Does multicollinearity affect Support Vector Machines ?

Linear Kernel of Support vector Machines is very similar to Logistic Regression, and hence the effect of multicollinearity has a very similar effect in case of Linear Kernel of SVM. We have to remove multicollinearity , if we want to use weight vectors directly for feature importance.

RBF Kernel is based on distance between the data points, similar to K-Nearest Neighbors. So It doesn’t make much sense to get feature importance in this case, rather we look at data points which has influenced the decision in favor of a class to get an interpretation of the model. Hence we can say that no impact on getting feature importance in the model.

Let’s say we have 5 features and one of the features is repeated 4 times (a extreme case). Then that repeated feature will be contributing 4 times as much to the distance as any other feature, hence the model will be probably much more impacted by this feature.

So RBF kernel of Support Vector Machines is impacted by multicollinearity.

Does multicollinearity affect Random Forest?

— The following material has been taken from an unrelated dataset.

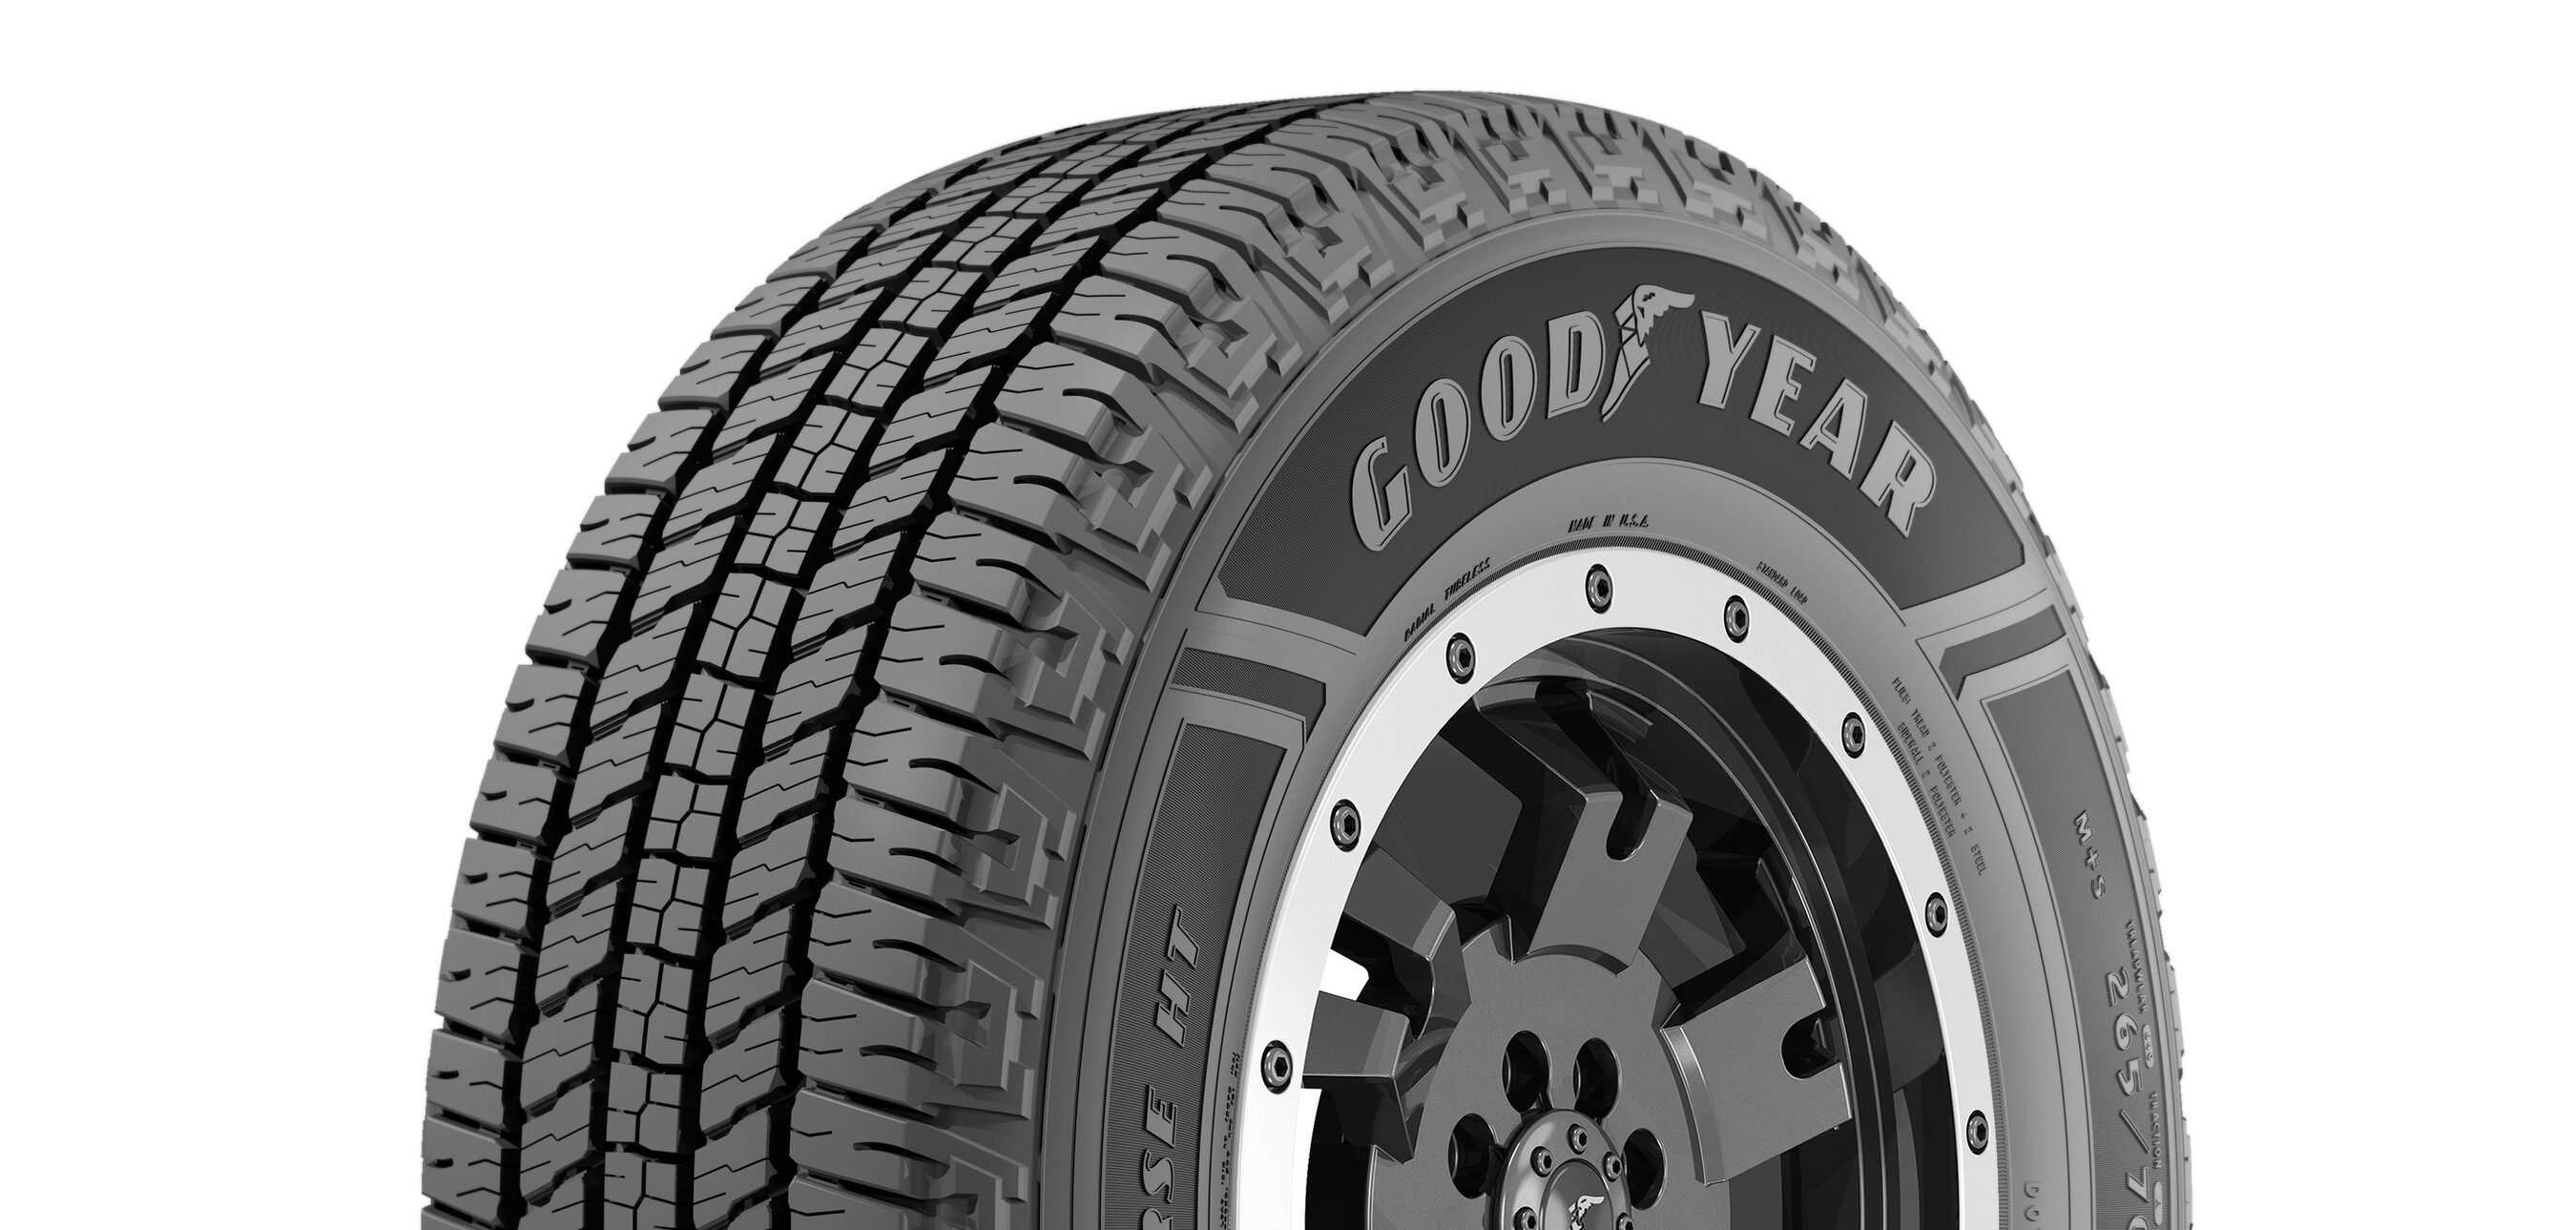 Goodyear launches Wrangler Workhorse HT | Tire Technology International
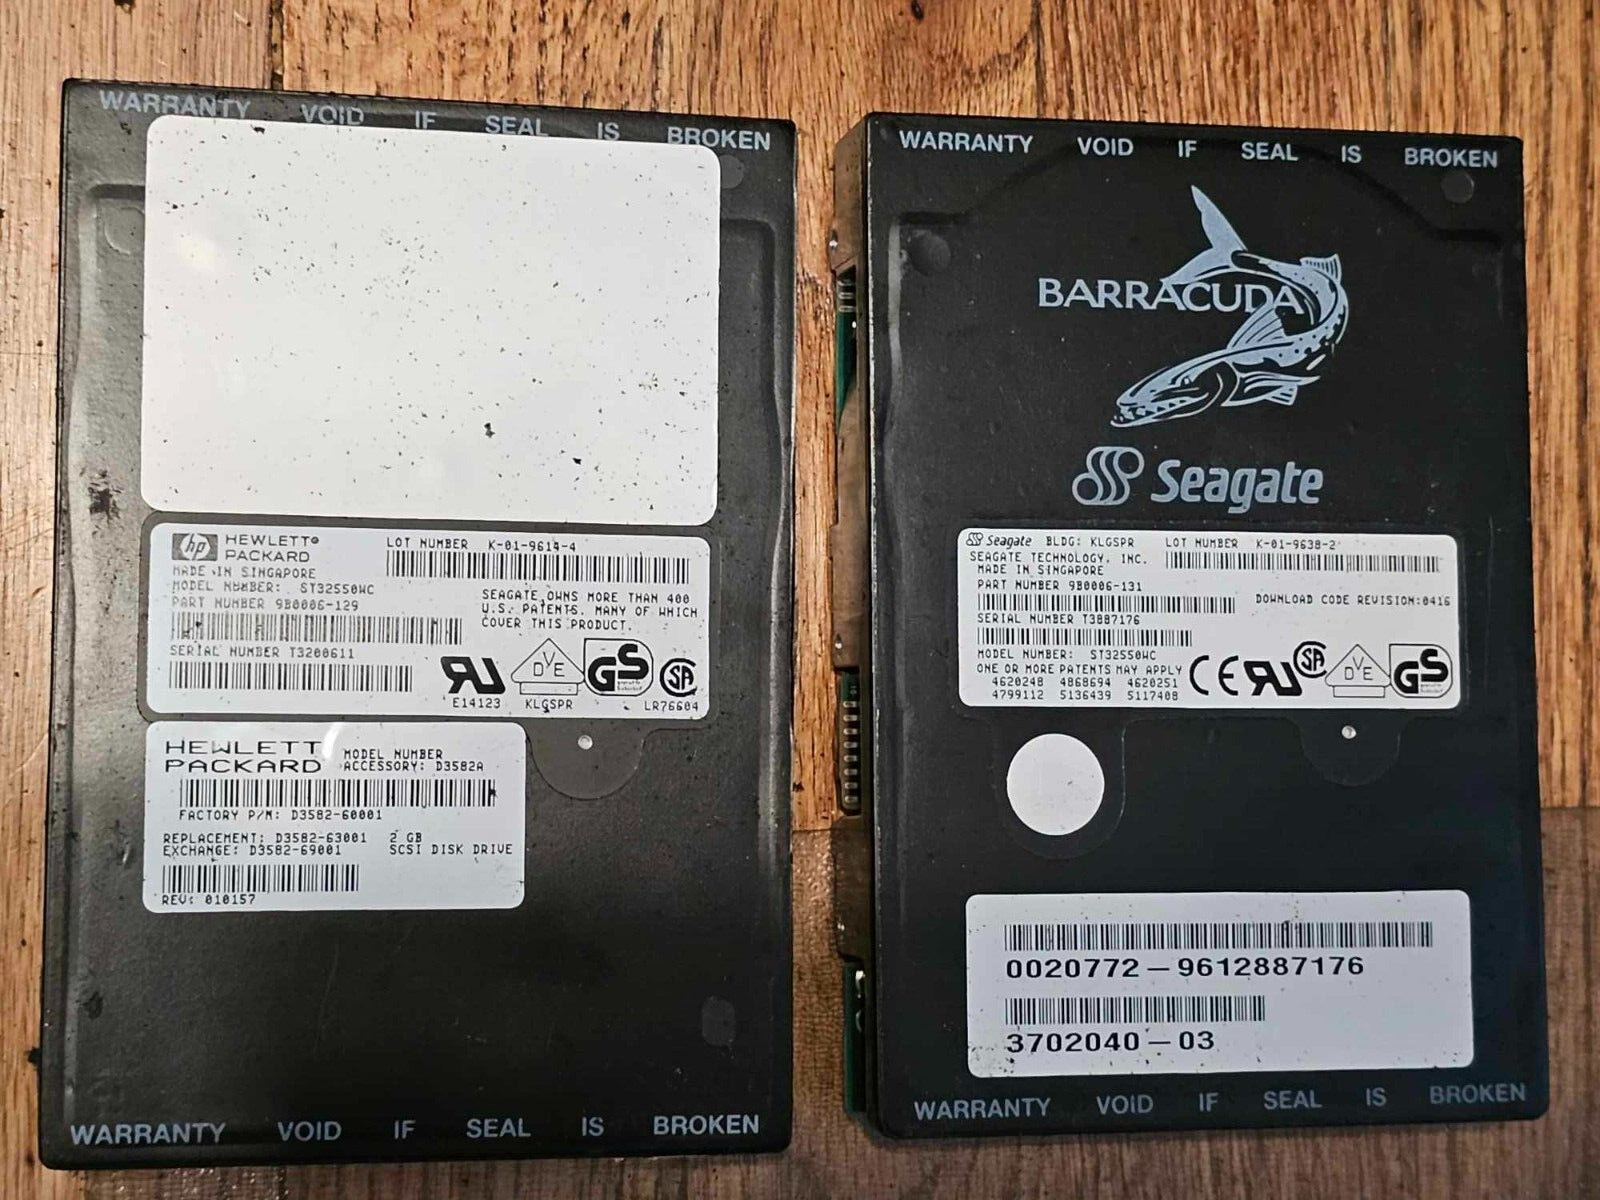 2x Retro Seagate Barracuda ST32550WC 9B0006-142 3702040-03 370-2040 2.1GB SCSI

Random Forest uses bootstrap sampling and feature sampling, i.e row sampling and column sampling. Therefore Random Forest is not affected by multicollinearity that much since it is picking different set of features for different models and of course every model sees a different set of data points. But there is a chance of multicollinear features getting picked up together, and when that happens we will see some trace of it.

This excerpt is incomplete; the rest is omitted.